**Exercise brief:**
Begin at the line containing "cavalli class embellished" in the records below, end at the line containing "Short Hair Sisters", and retype each line in that span exactly. No other line and no image should appear.

**Working data:**
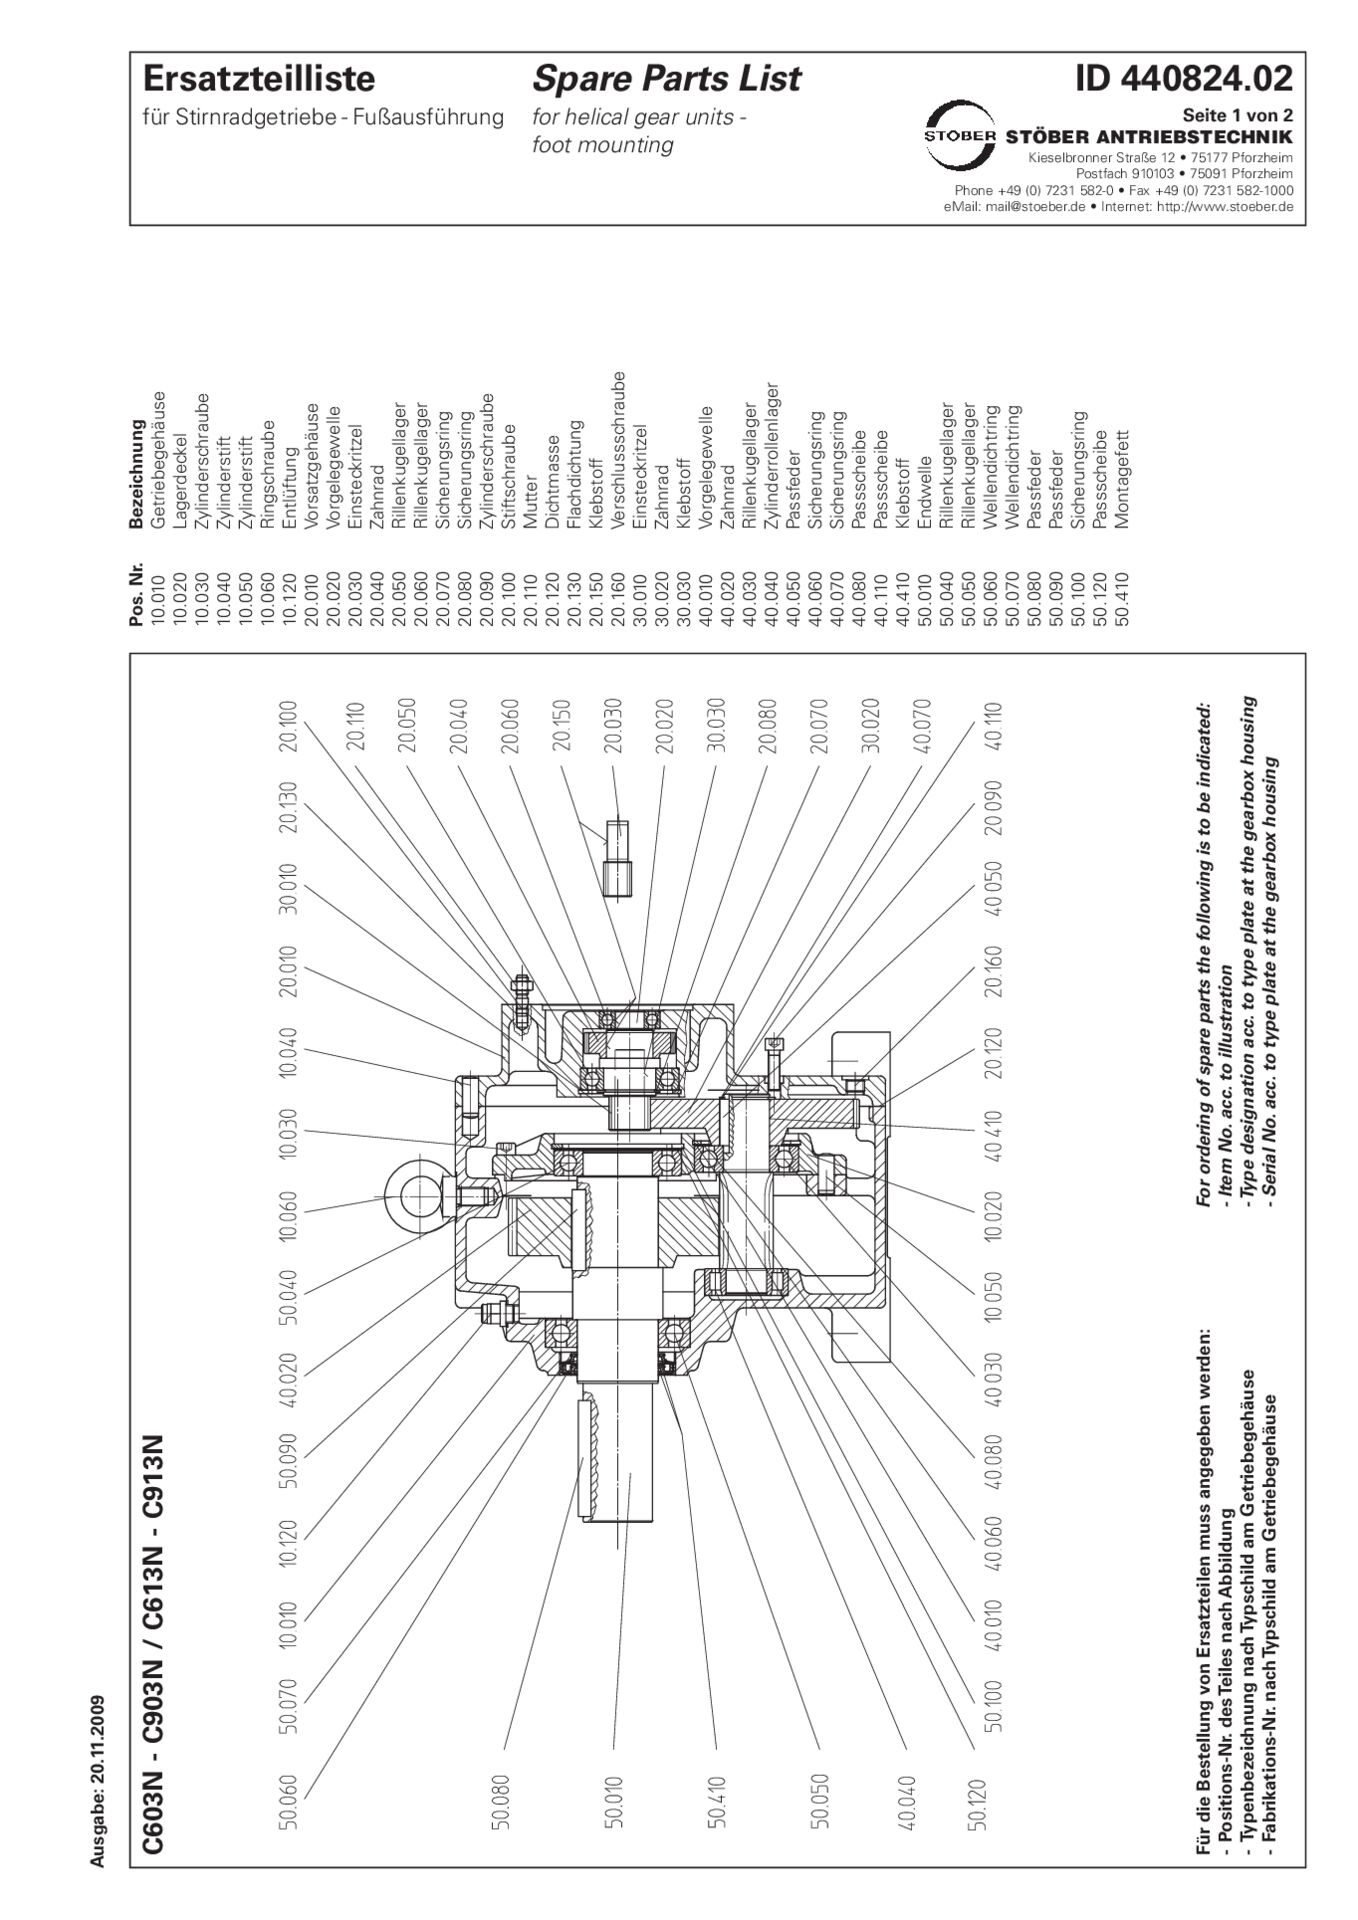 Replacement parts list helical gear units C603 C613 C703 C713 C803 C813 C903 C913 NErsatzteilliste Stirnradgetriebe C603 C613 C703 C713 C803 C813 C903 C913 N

* * *

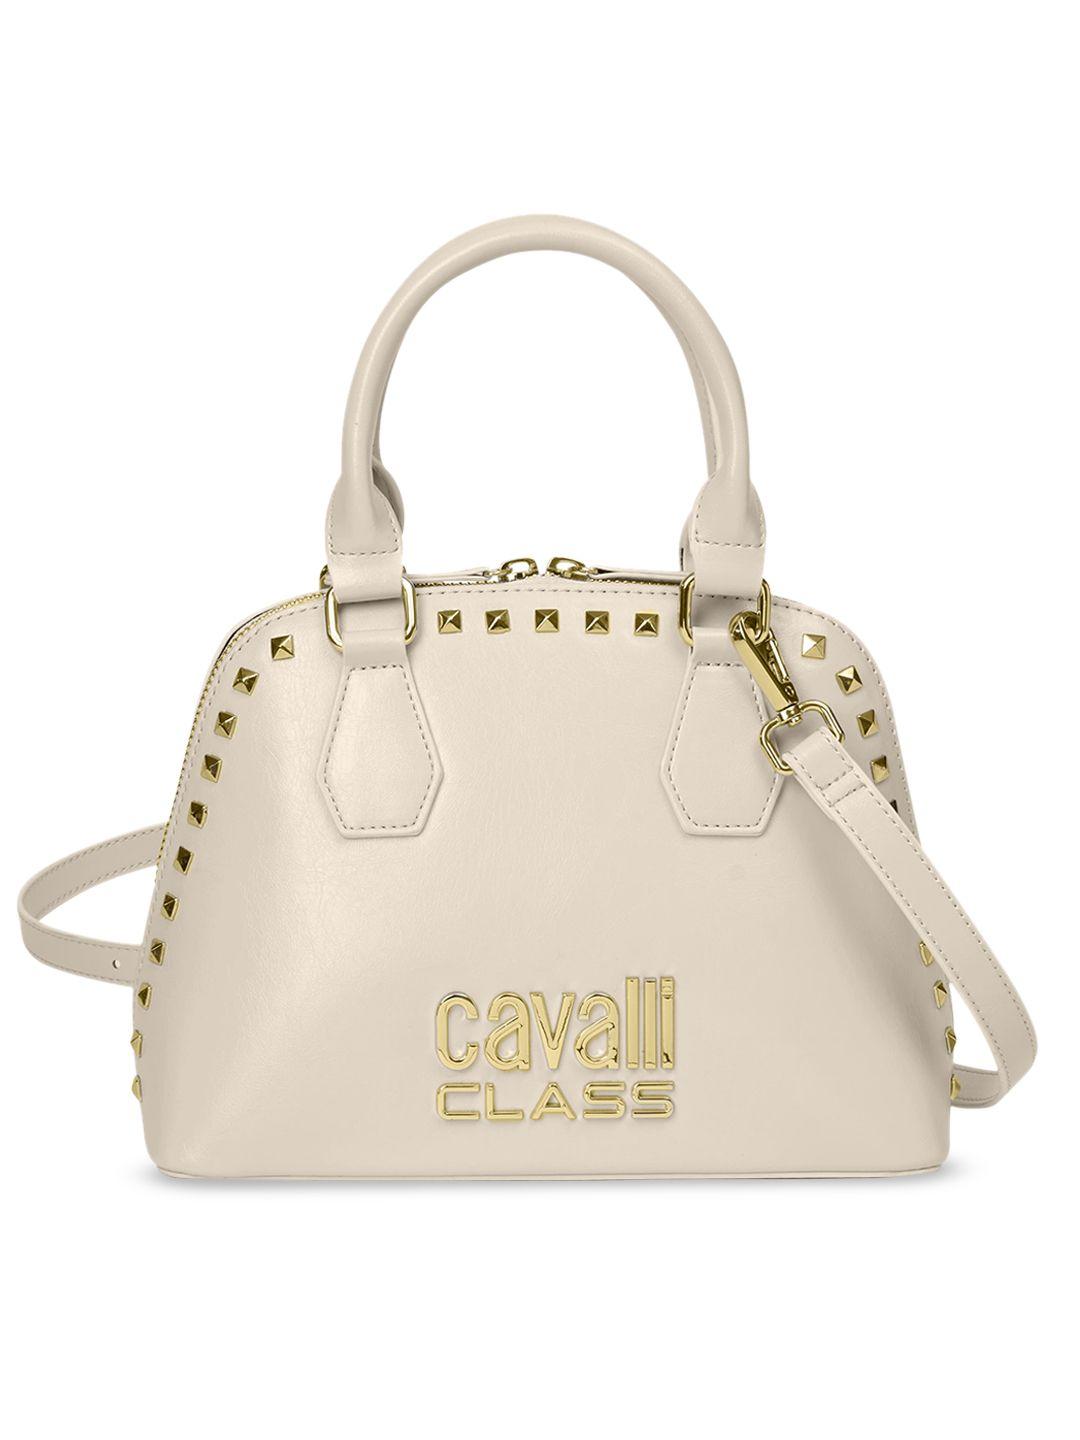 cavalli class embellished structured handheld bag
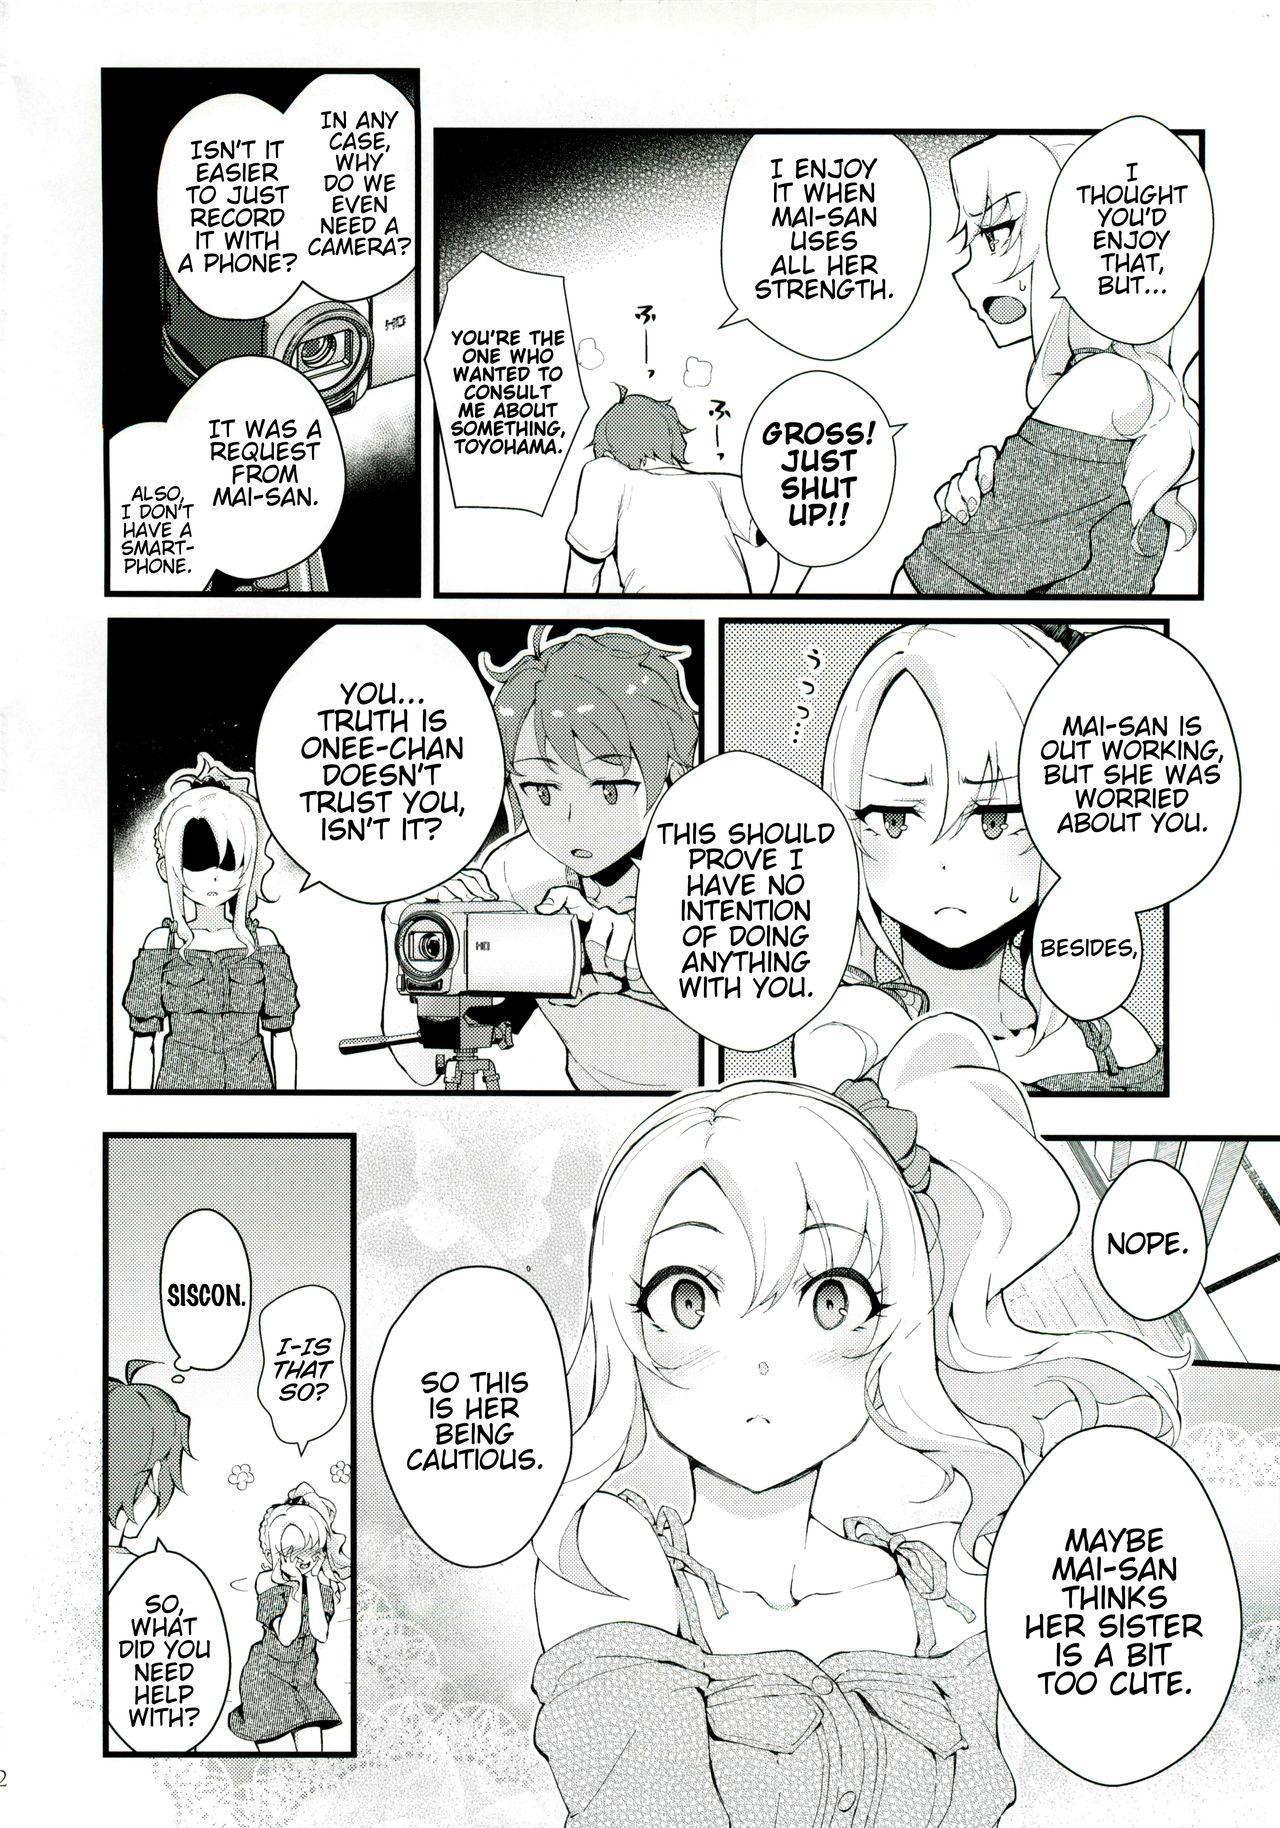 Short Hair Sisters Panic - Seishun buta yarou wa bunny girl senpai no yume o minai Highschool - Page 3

--

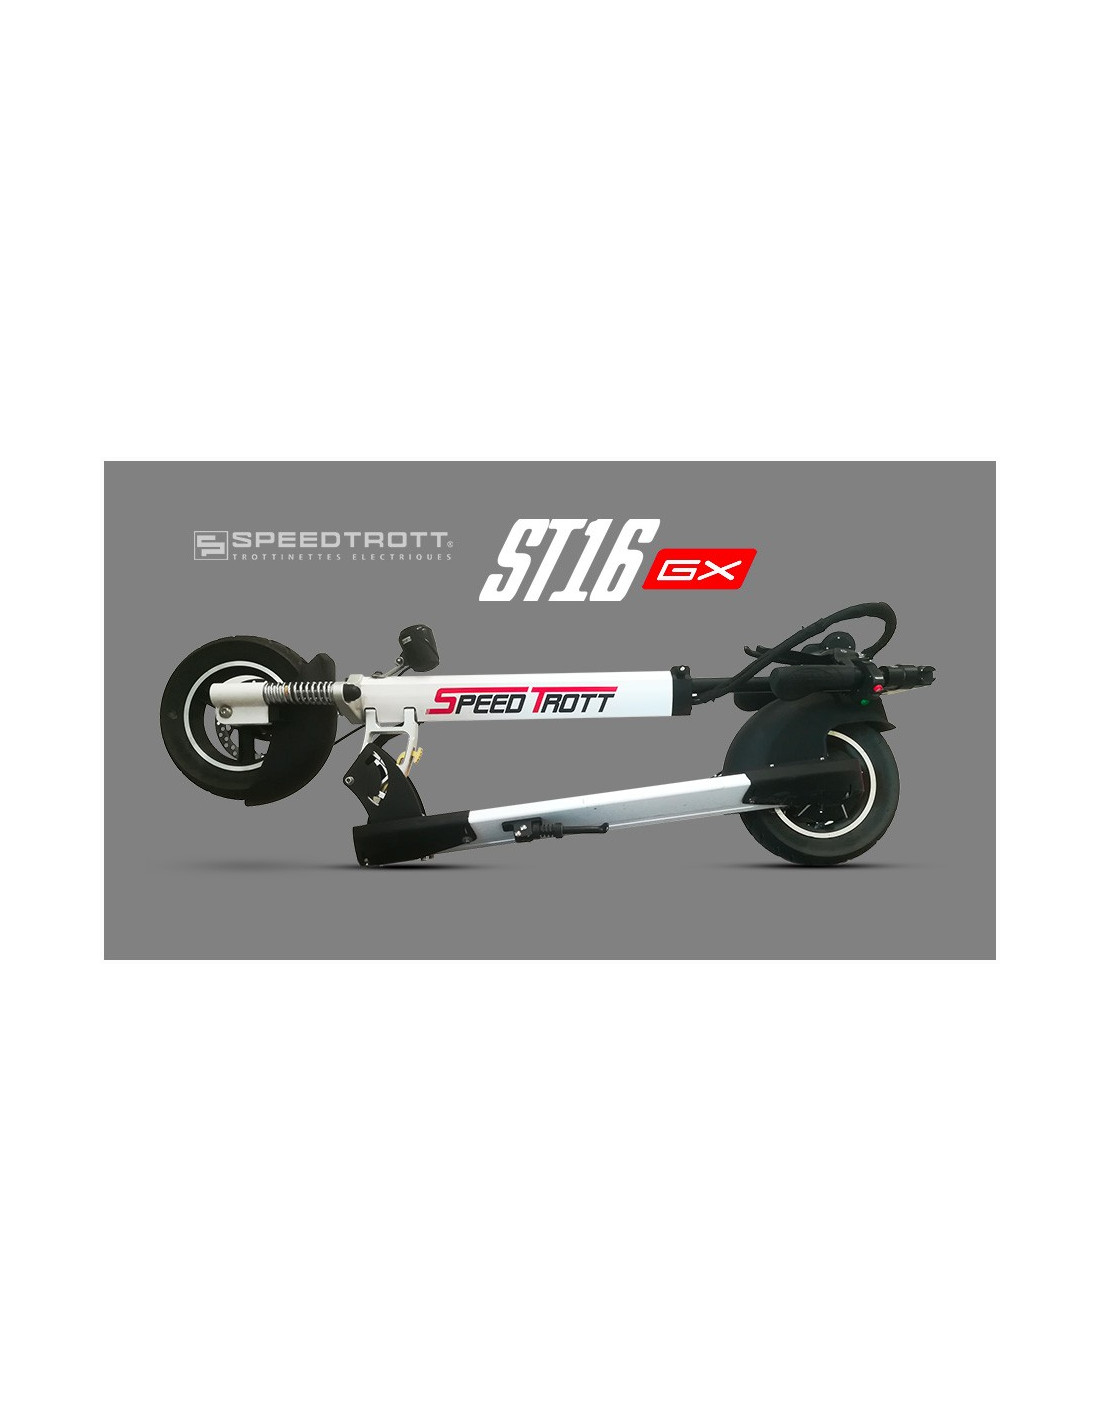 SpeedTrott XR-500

**Your response:**
 cavalli class embellished structured handheld bag
 Short Hair Sisters Panic - Seishun buta yarou wa bunny girl senpai no yume o minai Highschool - Page 3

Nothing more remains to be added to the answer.